Titre de séjour salarié : « salarié » ou « travailleur temporaire », selon ton contrat

GuichetLibre · Mis à jour le 23 août 2026

Deux personnes embauchées le même jour, au même poste, peuvent repartir de la préfecture avec deux titres différents. Ce n'est pas une question de dossier ni de mérite : c'est le type de contrat qui décide. Le titre de séjour « salarié » n'est pas une catégorie unique, mais une porte à deux battants, et savoir lequel te concerne évite de préparer la mauvaise demande.
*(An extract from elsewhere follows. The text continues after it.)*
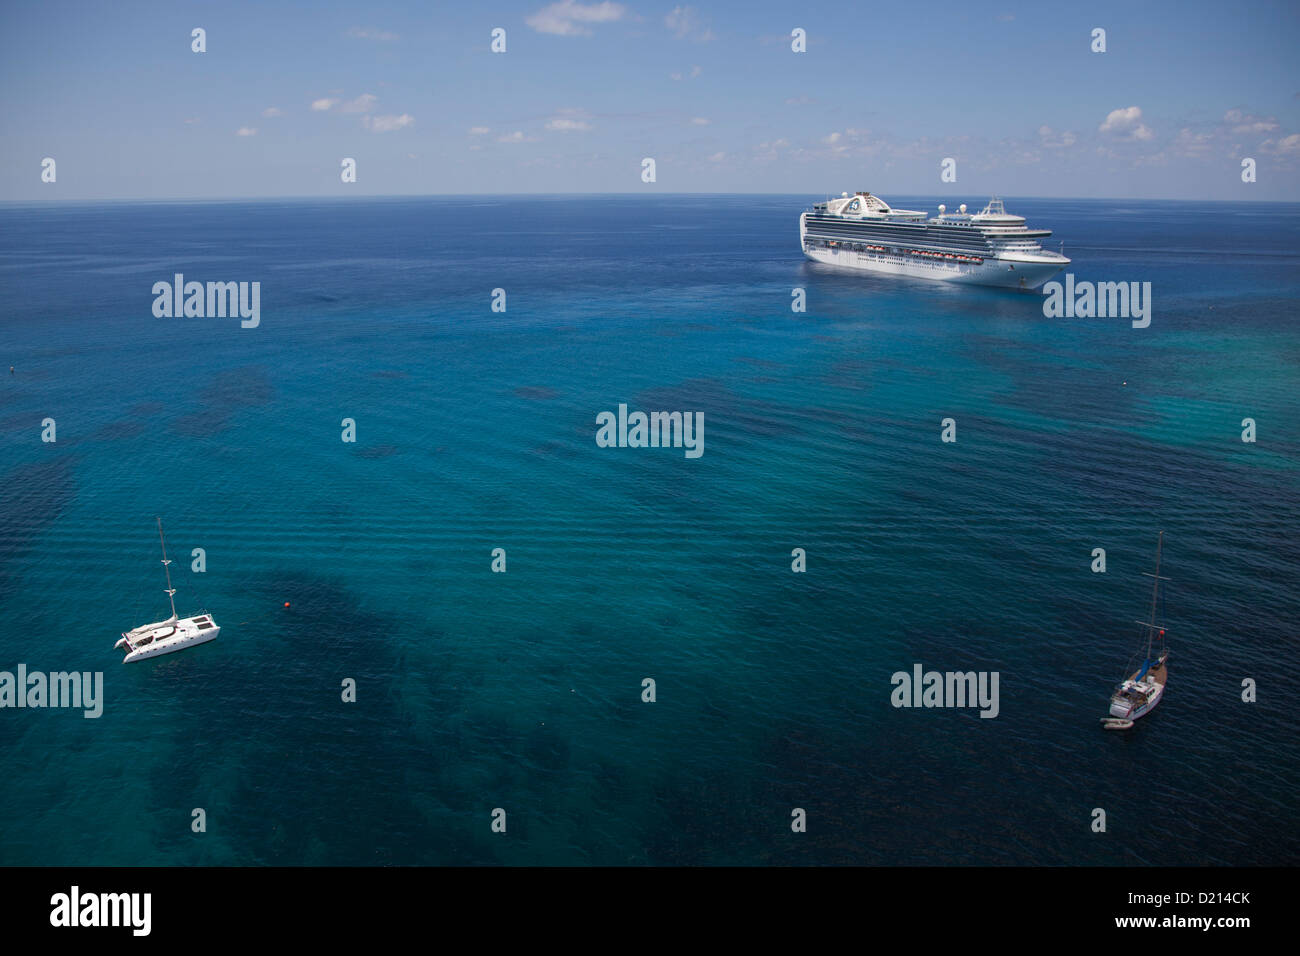 Vue aérienne de voiliers et de bateau de croisière Crown Princess (Princess Cruises), George Town, Grand Cayman, Cayman Islands, Caribbean Banque D'Images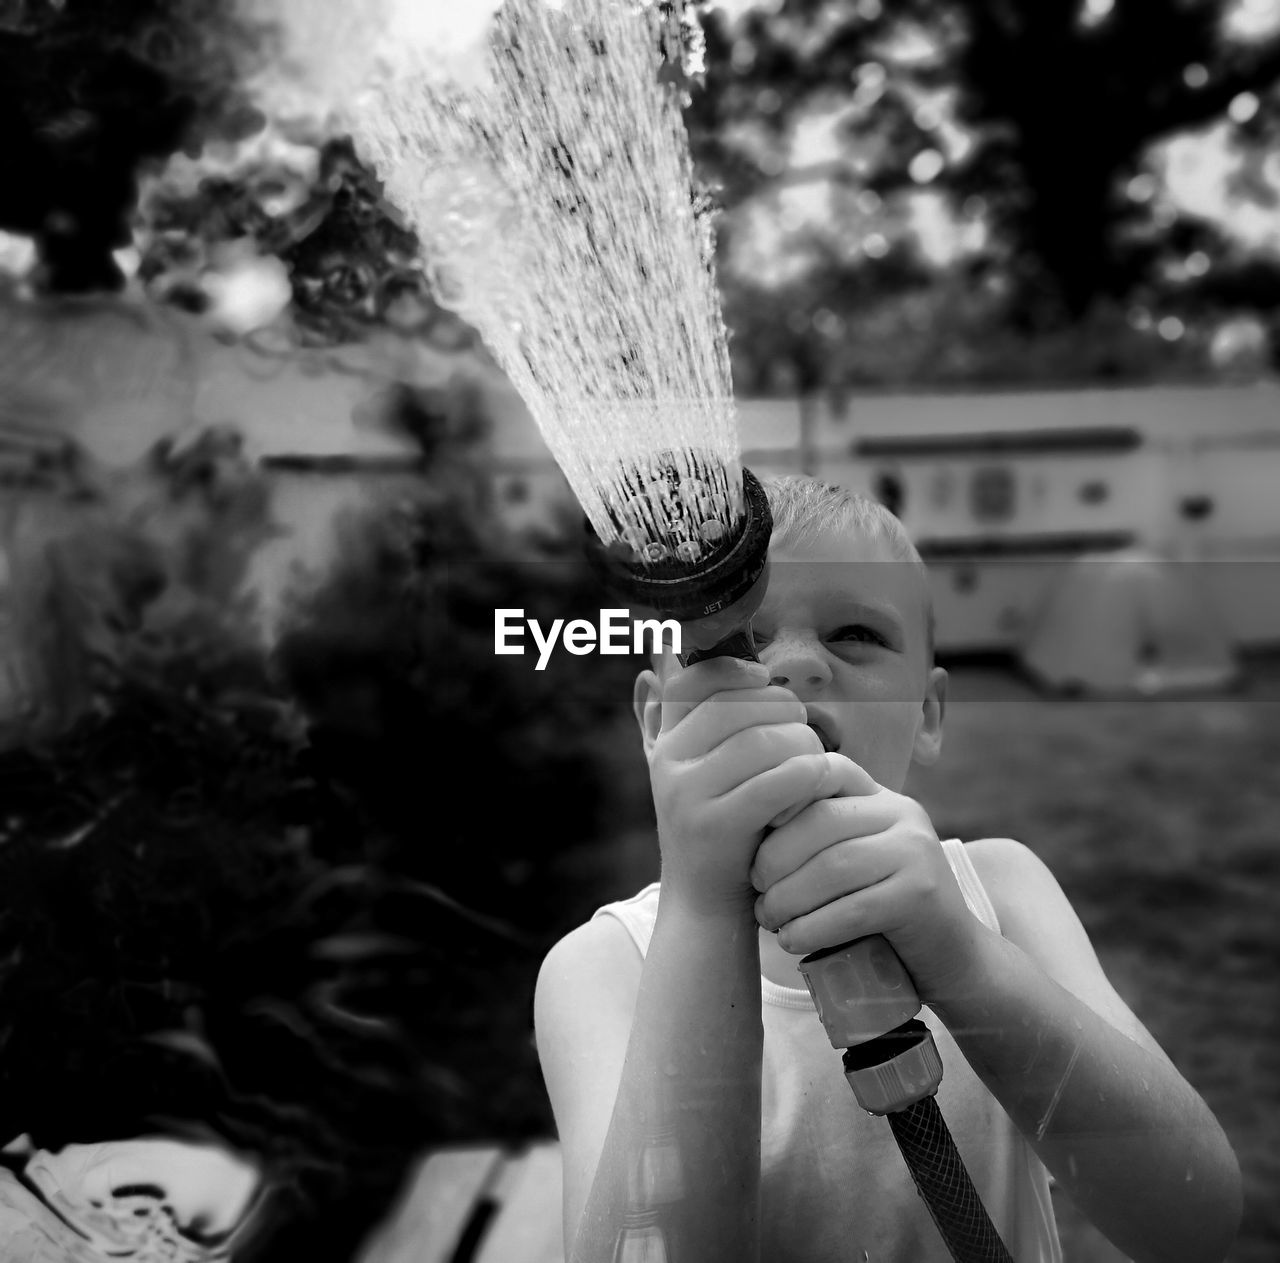 Boy spraying water with garden hose

Titre de séjour salarié : CDI ou CDD, la ligne de partage

La règle est mécanique. Un contrat à durée indéterminée donne droit à la carte de séjour « salarié » ; un contrat à durée déterminée donne droit à la carte « travailleur temporaire »1.

Les deux cartes sont délivrées pour 1 an au départ. C'est ensuite que leurs trajectoires divergent :

  • La carte « salarié » (CDI) peut, à son renouvellement, devenir une carte pluriannuelle de 4 ans si l'activité se poursuit1.
  • La carte « travailleur temporaire » (CDD) reste temporaire : son renouvellement est calé sur la durée du CDD restant ou d'un nouveau CDD1.

L'autorisation de travail : c'est l'employeur qui la demande

C'est le point que beaucoup de salariés découvrent trop tard, parce qu'il ne repose pas sur eux. L'autorisation de travail est demandée par l'employeur, en ligne, avant l'embauche — et avant l'entrée en France lorsque le futur salarié réside encore à l'étranger1.

Cette autorisation est une condition préalable : tant qu'elle n'est pas accordée, le titre « salarié » ou « travailleur temporaire » n'est pas délivré. Les règles précises — métiers en tension, publication de l'offre, obligations de vérification — relèvent de la procédure d'autorisation de travail2, et se recoupent largement avec celles du changement de statut, la voie par laquelle un étudiant bascule vers un emploi salarié.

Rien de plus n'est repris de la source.